Our patient was a 27 year old G3P0 with a history of HHT and pulmonary AVMs which were coiled/ablated in 2003, 2009 and 2013. A CT scan in 2015, however, showed persistence of multiple pulmonary AVMs. She had significant hypoxia with a baseline oxygen saturation of 86% and an exertional saturation as low as 77%. The Maternal Fetal Medicine team wanted to deliver her by cesarean section (CS) at 37 weeks due to her worsening dyspnea and hypoxia. An MRI during pregnancy did not show any spinal AVMs or lumbar abnormalities, but did show vertebral body hemangiomas at T2, T6, T8, and T11. The patient underwent CS at 37 weeks with spinal anesthesia using 1.8mL of 0.75% PF bupivacaine with 15mcg fentanyl and 0.15mg morphine without incident. She was maintained on 3L by nasal cannula throughout the procedure and saturations ranged from 83-96%. She recovered well and was discharged home on POD#3.
While the safety of neuraxial anesthesia in patients with HHT is unclear, it is especially precarious in patients with spinal pathology. This patient was particularly challenging because not only was she at a high risk of neuraxial bleeding, she was also at a high risk of pulmonary complications. Although it was reassuring the spinal hemangiomas were in the vertebral bodies remote from the area of spinal placement and no large spinal AVMs were noted, it was unclear whether some smaller, abnormal vasculature may be present in the lumbar spine. The major concern was spinal bleeding, but this patient was also at increased risk of paradoxical embolism from her right to left shunting, and worsening hypoxemia due to increasing metabolic demands during pregnancy. This hypoxemia would not be amenable to supplemental oxygen due to her shunt pathology.

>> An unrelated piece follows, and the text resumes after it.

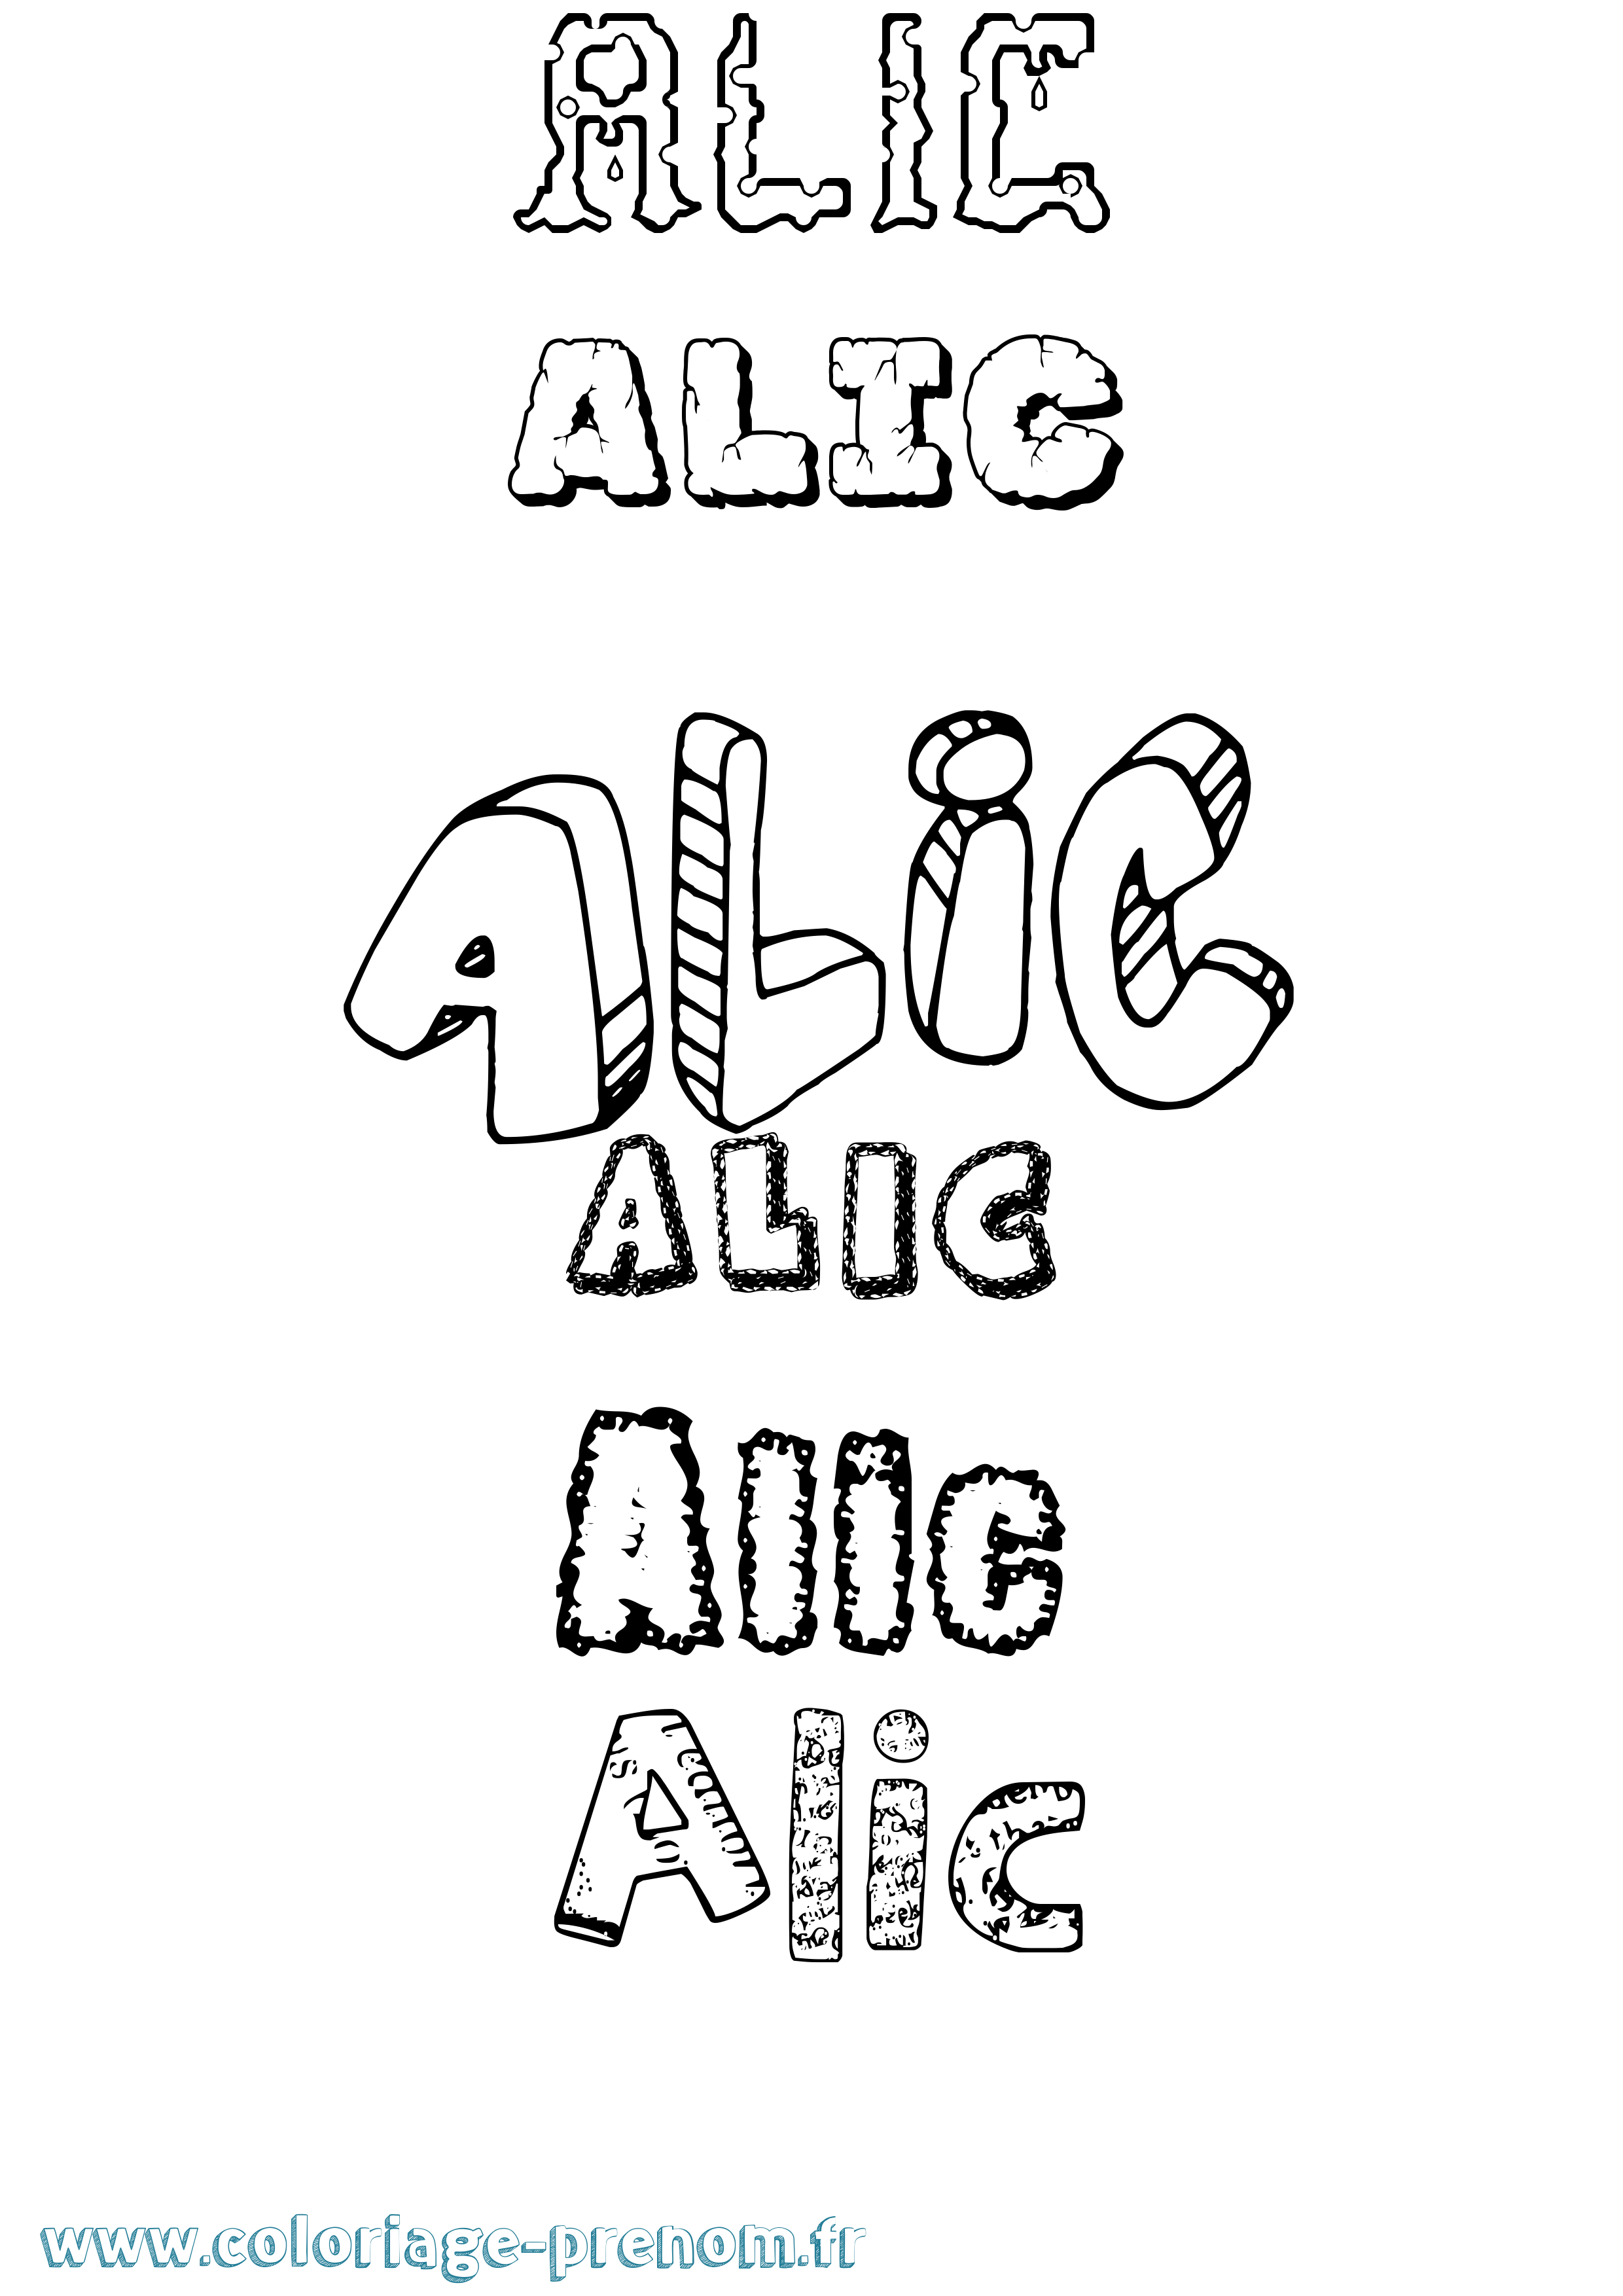 Coloriage prénom Alic Destructuré

Even though no anesthetic was ideal, after multidisciplinary discussion, it was decided that a spinal would impart the lowest risk of complications. There is no evidence that the sympathectomy that occurs with a spinal would increase flow through a pulmonary AVM and result in further desaturation. In addition, a spinal had a lower risk of neuraxial bleeding because of the smaller needle size as compared to an epidural, and avoiding general anesthesia would be highly advantageous because of the high risk of prolonged post-operative intubation and pulmonary complications. It was believed the chances of the CS lasting longer than the duration of the spinal was unlikely and not worth the increased risk of an epidural.